Edward looked at Hannah, who simply raised her eyebrows. She and Edward had once been on a team together at the beginning. She had seemed nice. Very smart, too, which explained her promotion. Unfortunately, Hannah was impossibly striking. He had been so desperately compelled by her face that he had instantly resolved never to look at her or show her any kind of attention. Everything would be much easier that way. It was troubling now to discover that Hannah ran his parents’ settlement. Was this how things were now? Had everything shifted again? It meant he’d have to see more of her and regularly be reminded that she would never be his. She would never kiss him or get undressed for him or relieve his needs before work or stop trying to look pretty for him, which was the part he liked best, at least when he played out futures with women he’d never speak to. When someone like Hannah, not that there’d ever been someone like Hannah, let herself go and showed up on the couch after dinner in sweatpants and a long, chewed-up sweater. It was unbearable.

Edward knew that he shouldn’t do this, but Hannah would have to understand. He broke character and pleaded with her.

“There’s nowhere else to go. Can you please take them? Please? Is someone really going to come by later and match each person to a name on your list?”

She hardened her face. She wasn’t going to drop the act, and she seemed disgusted with Edward for having done so himself.

“Did they get a phone call?” she asked. Even this question seemed beneath her.

He started to answer, figuring he could lie, when his father blurted out that their phone was broken. How could you get a phone call with a broken phone?

“I assumed they did,” he confided to Hannah. “That’s the truth. Why wouldn’t they get a call? Look, their neighbors are here. People from the same building. Why would my parents have been left out?”

At this last question she looked at him flatly. Why indeed.

“They’re not supposed to be here,” Hannah said. “You shouldn’t have brought them. You might consider…” She seemed reluctant to say what she was thinking. “At this point you’ve made a serious mistake and you need to decide how to fix it with minimal impact on the community.”

She glanced pitilessly at his parents, then muttered, “I know what I would do.”

Edward figured that he knew what she would do, too.

He leaned in so he could speak into her ear. “Are you carrying?” he whispered. “Because if you are, and I could borrow it, I could kill them right here, and it would be a lesson for everyone.”

She was stone-faced. That wasn’t funny. “There are people behind you. I have a protocol to run.”

Don’t we all, Edward thought. But his protocol, to keep his parents safe, could not be achieved here.

“Okay, well, thanks for your help,” he said, sneering. “Good teamwork. Way to go.”

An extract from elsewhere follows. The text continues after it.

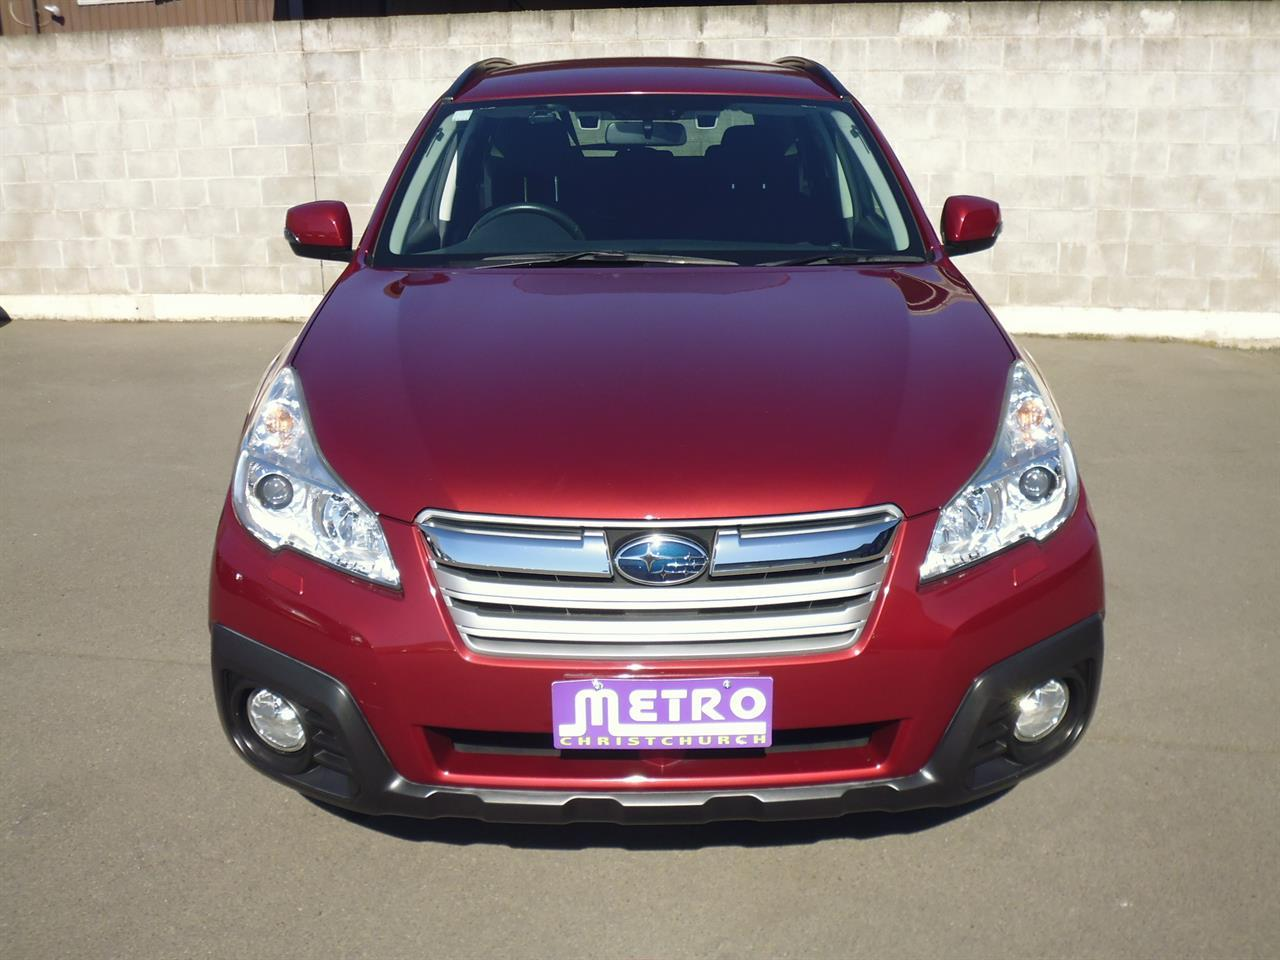 image-9, 2012 Subaru Outback 2.5i Eyesight at Christchurch

She kept her cool. “So you want me to make a mistake, arguably a bigger one, because you did? Let’s say your mistake was an accident, which possibly it was, although I can’t say. I’m guessing you’re not an imbecile, although this is only a guess. You want me to consciously break the rules. You want your error, a stupid error, if you ask me, to beget other errors so we’re both somehow to blame, even though I do not know you and have no responsibility for you? How does that do you a favor? How does that help you? At this point you need to fall on your sword. I don’t understand what’s so hard about that.”

Why was it so much worse to be shamed by an attractive person? Somehow he felt he could handle this critique from anyone else in the world.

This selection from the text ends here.